朋友:“虽然扯得有点儿远,但这些你还是要听的。你知道我也不是太愿意讲故事的人嘛,勉为其难的将就一下吧?这些事大概要提及到几千年前的一个巫咒,这片大陆上的传说中,有这样的一个故事,说是姓陆的人是上古魔神的后代,他们会给这个世界带来巨大的灾难,没有人可以改变,这个巫咒永远都不会被解开。”
“得了吧,传说也可以信心么?”我笑道。
“传说,呵呵呵呵……你以为传说是什么?不过是人的欲望所化、心之所向。任何的一个传说,都会有它的来源的,被人们传颂、夸大、渲染,这些都不过是装饰,其根本却绝不会变,而且是以最直白的方式向人们表达它的价值。任何一个传说都是一段历史,从不例外。”朋友随意的摇着手上的苹果胡,却一脸严肃的向我说着,“你不要不信我说的话,想想看嘛:几年前被灭教的魔教就姓陆,不是么?”
我不明所以,有些发怔的看他:“是啊,是姓陆。魔教陆家,在江湖上很有名的。”
“寂歌的母亲,也姓陆,叫做陆曦雪。而且,她跟那个魔教教主陆风华,是亲兄妹。我几十年前在魔教里混日子的时候,与她还有着数面之缘。我当时有一个推测:传说中讲的什么魔神后裔,指的就是魔教陆家。后来得到证实,我的猜测是对的。他们家族中每一百年就会有一个张红头发的小孩降生,被人唤作‘赤发子’,而这个‘赤发子’指的就是魔神转世。孩子所带来的影响也确实如传说中所说的那样:祸害无穷。”
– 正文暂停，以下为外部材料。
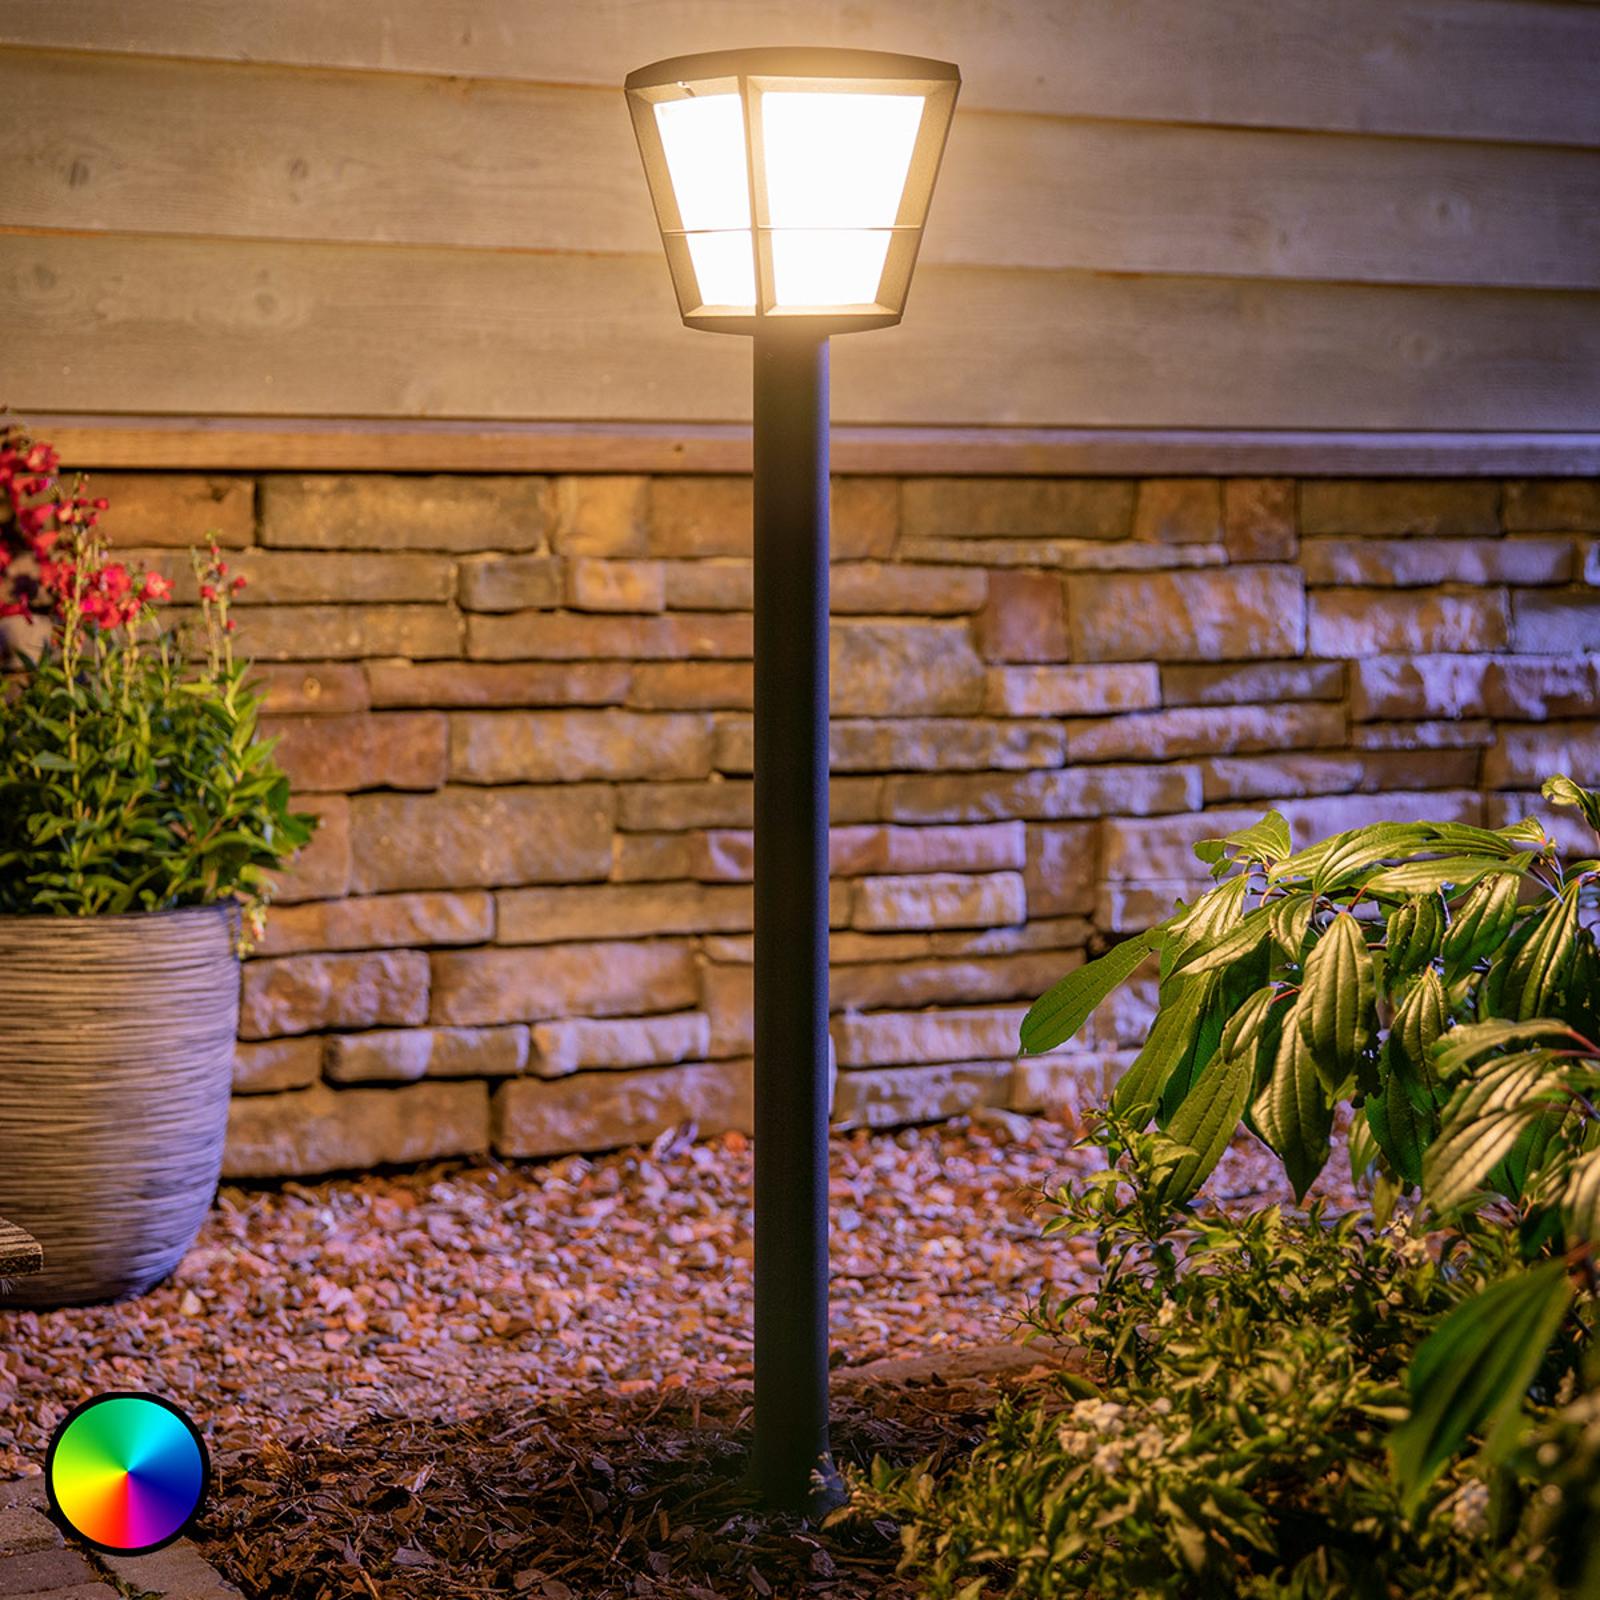 Philips Hue White+Color Econic LED-Wegeleuchte

我思索了一下,确实,陆曦雪这个名字很耳熟。不,应该是位故人。
我不敢确定的问朋友:“她……是三十年前的那个武学天才么?”
朋友点头。我道:“我还真有些影响啊,陆曦雪……我们曾经是同门呢!你还记得吧,三十年前武林界的两大帮派:尊仙门和魔界,不明原因地挑起了纷争,搅得整个武林都不太平。陆曦雪在当时,作为尊仙门的二代弟子,可是很重要的角色啊。我参加过那场战役,不过很可惜——但没有看到结局就离开了。”
朋友笑了,揶揄道:“这种事我怎么从没听你说过啊,更没有见到你,我当年可是魔教人,护法哦。”
我用鼻子轻哼了两下,道:“开战不久我就离开了,去了海外,你当让没见到我。至于我不告诉你……我干嘛要告诉你?”
朋友盯着他的狗想了半晌,道:“三十年前……三十年前你怎么会出海?外面出什么事了吗?”
“我觉得我们还是把正事说完比较好。”我指着外面的尸体道,“这么臭的地方,呆久了会得病的。”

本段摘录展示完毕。